Two-way ANOVA in R

Introduction

Our goal in this chapter is to learn how to work with two-way ANOVA models in R, using an

example from a plant competition experiment. The work flow is very similar to one-way

ANOVA in R. We’ll start with the problem and the data, and then work through model fitting,

evaluating assumptions, significance testing, and finally, presenting the results.

Competition between Calluna and Festuca

Plants have an optimal soil pH for growth, and this varies between species. Consequently we

would expect that if we grow two plants in competition with each other at different pH values

the effect of competition might vary according to the soil pH. In a recent study the growth of

the grass Festuca ovina (Sheep’s Fescue) in competition with the heather Calluna

vulgaris (Ling) was investigated in soils with different pH. Calluna is well adapted to grow on

very acidic soils such as on the Millstone grit and blanket bogs around

Sheffield. Festuca grows on soils with a much wider range of pH. We might hypothesise

that Calluna will be a better competitor of Festuca in very acid soils than in moderately acid

soils.

To test this hypothesis an experiment was designed in which Festuca seedlings were grown

in pots at all combinations of two levels of two different kinds of treatment:

Factor 1: Soil pH at 3.5 or 5.5

Factor 2: Presence or absence of Calluna.

This is a fully factorial, two-way design. The total number of treatments was thus 2×2=4. For

each of the treatments there were 5 replicate pots, giving a total of 2×2×5=20 pots.

The following data are the yields of Festuca from each treatment (dry weight in g) from the

two pH levels and in the presence or absence of Calluna.

pH 3.5 | pH 5.5 | |

Calluna Present | 2.76, 2.39, 3.54, 3.71, 2.49 | 3.21, 4.10, 3.04, 4.13, 5.21 |

Calluna Absent | 4.10, 2.72, 2.28, 4.43, 3.31 | 5.92, 7.31, 6.10, 5.25, 7.45 |

Walk through

You should begin working through the Festuca example from this point.

The data are in a CSV file called Festuca.csv. Start by reading the data into an R data frame,

giving it the name festuca, and then have a look at the data.

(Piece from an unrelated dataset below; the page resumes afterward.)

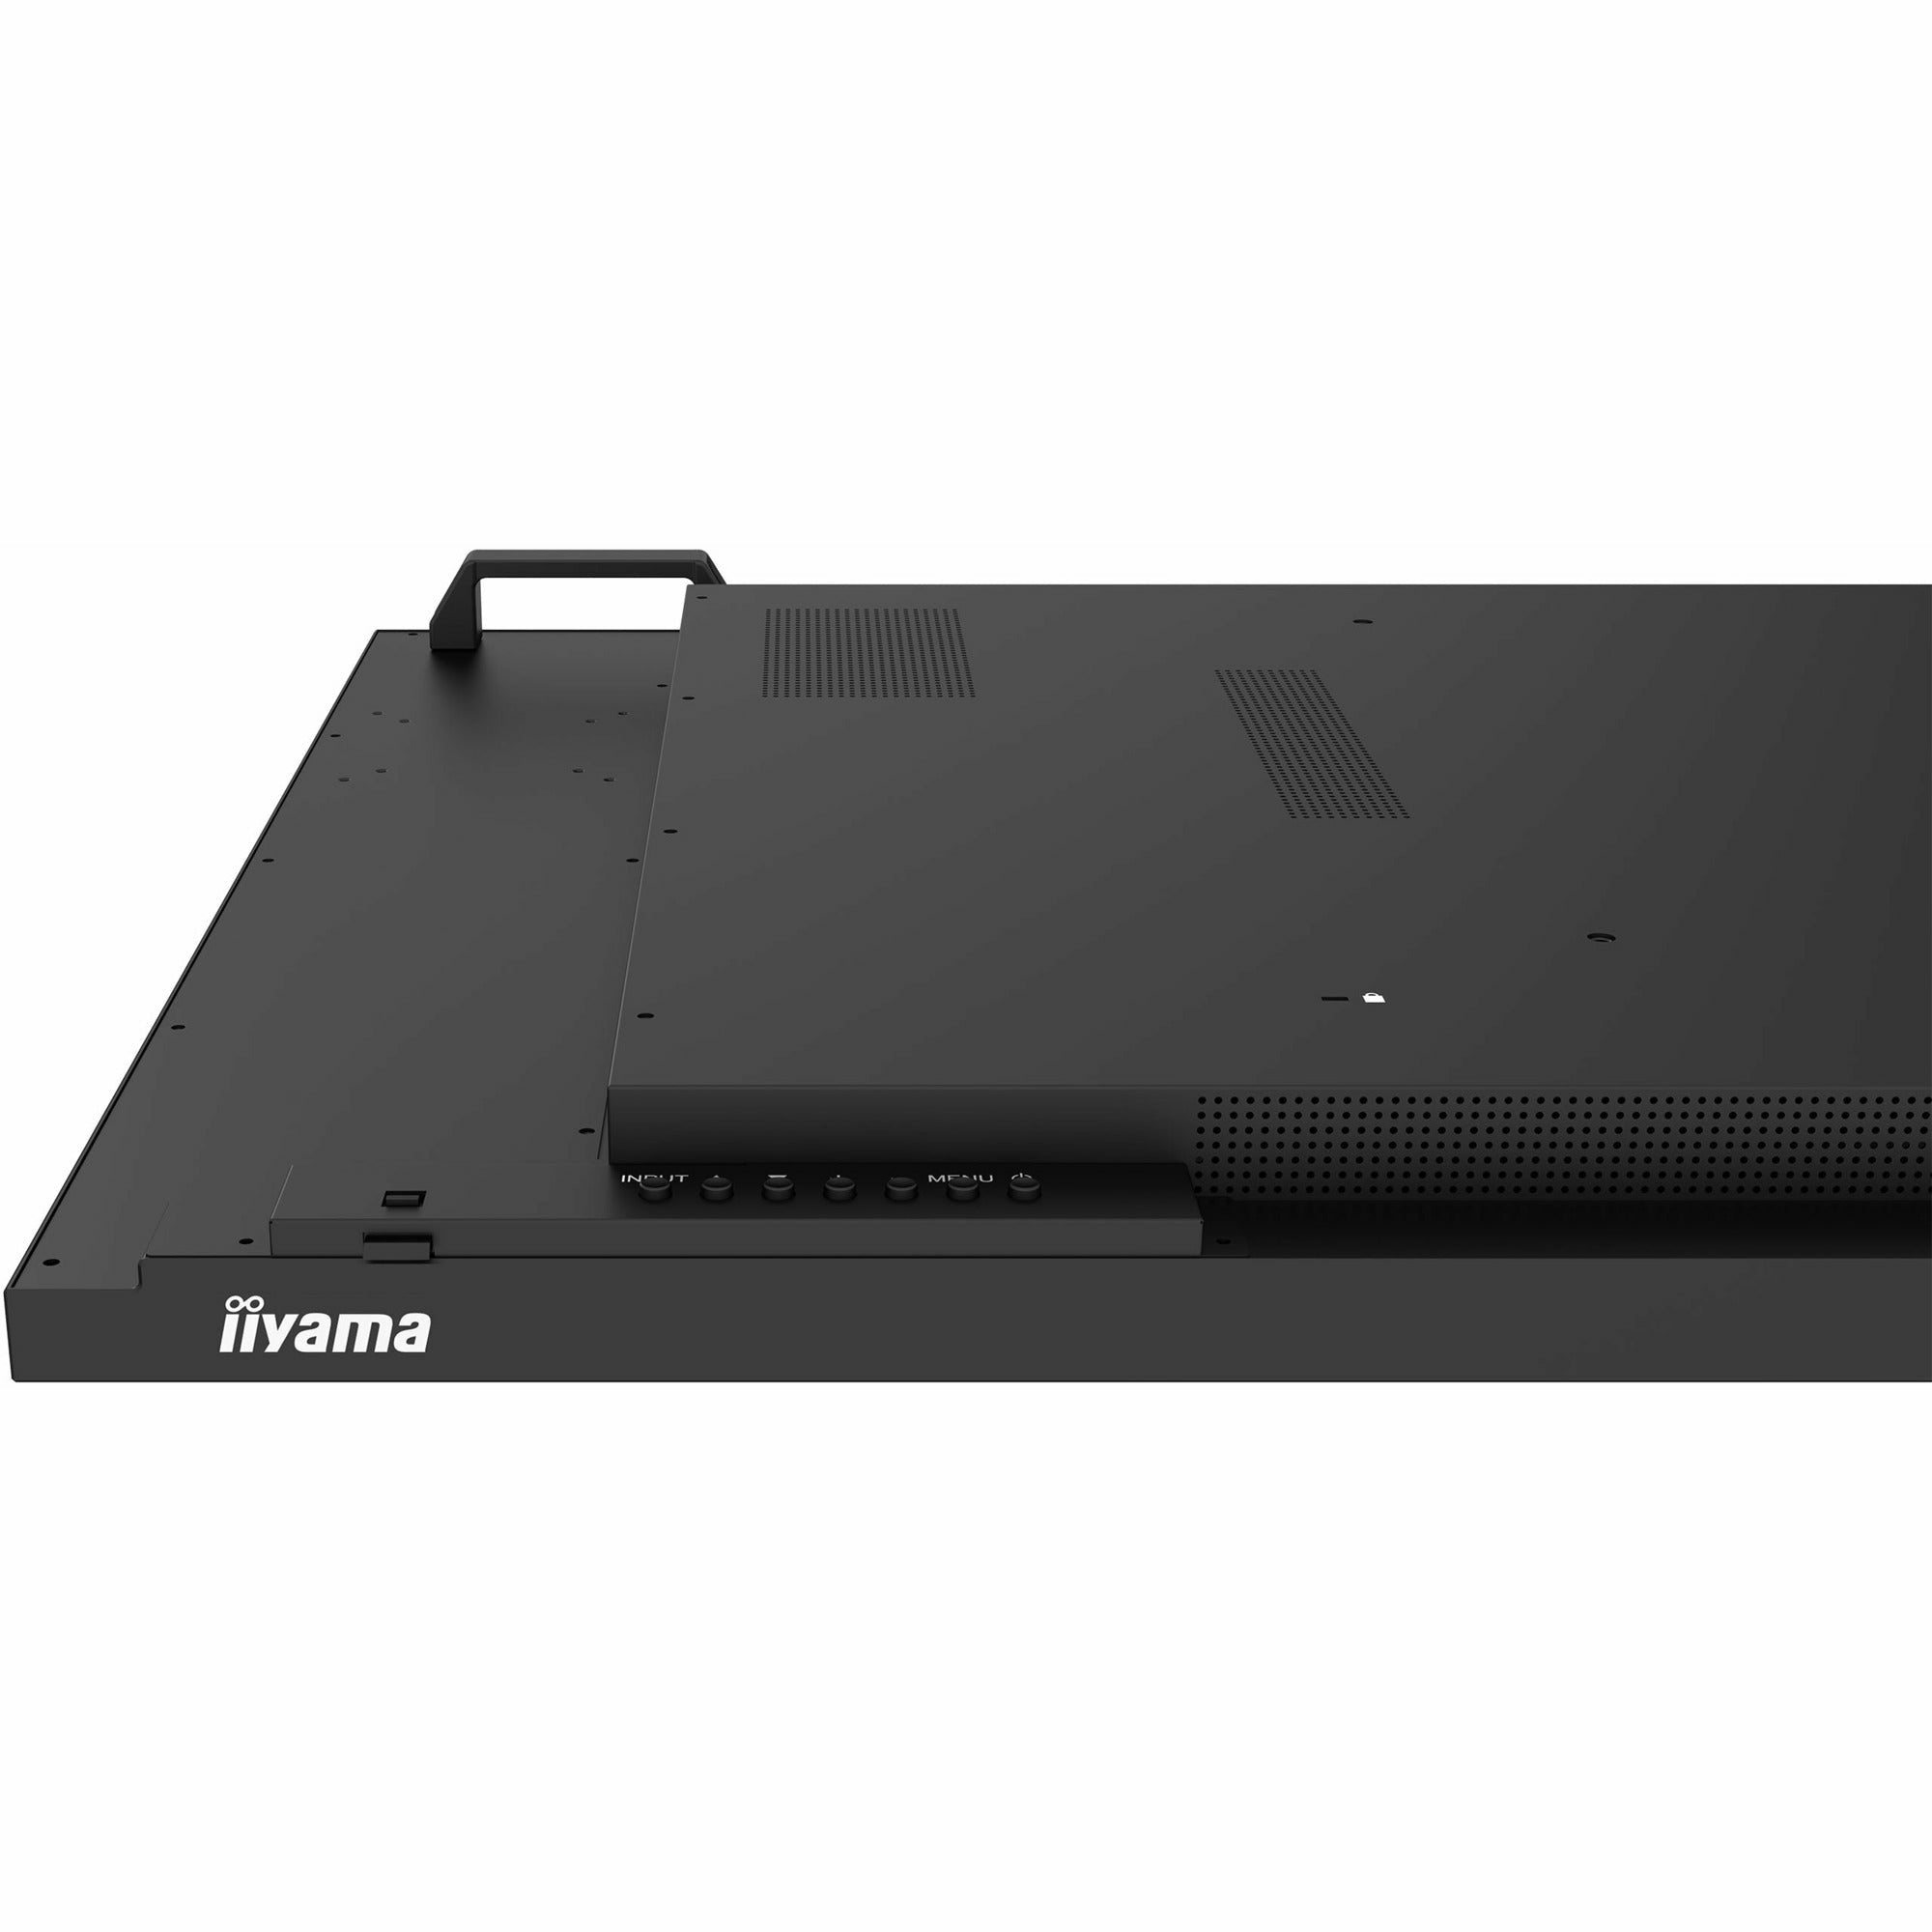 Iiyama ProLite LH5551UHSB-B1 55" IPS 4K UHD Professional 24/7 Digital Signage Display with Intel SDM Slot

Notice that the data for a two-factor experiment can be laid out in a very similar manner to

those from a one factor experiment, with the response variable in one column, but now there

are two additional columns containing the codes for the treatments, one for pH and one

for Calluna. The first column (Weight) contains the Festuca dry weights, the second column

(pH) contains the codes for the pH treatment (levels: pH3.5, pH5.5), the third column (Calluna)

contains the codes for the presence or absence of Calluna (levels: Present, Absent).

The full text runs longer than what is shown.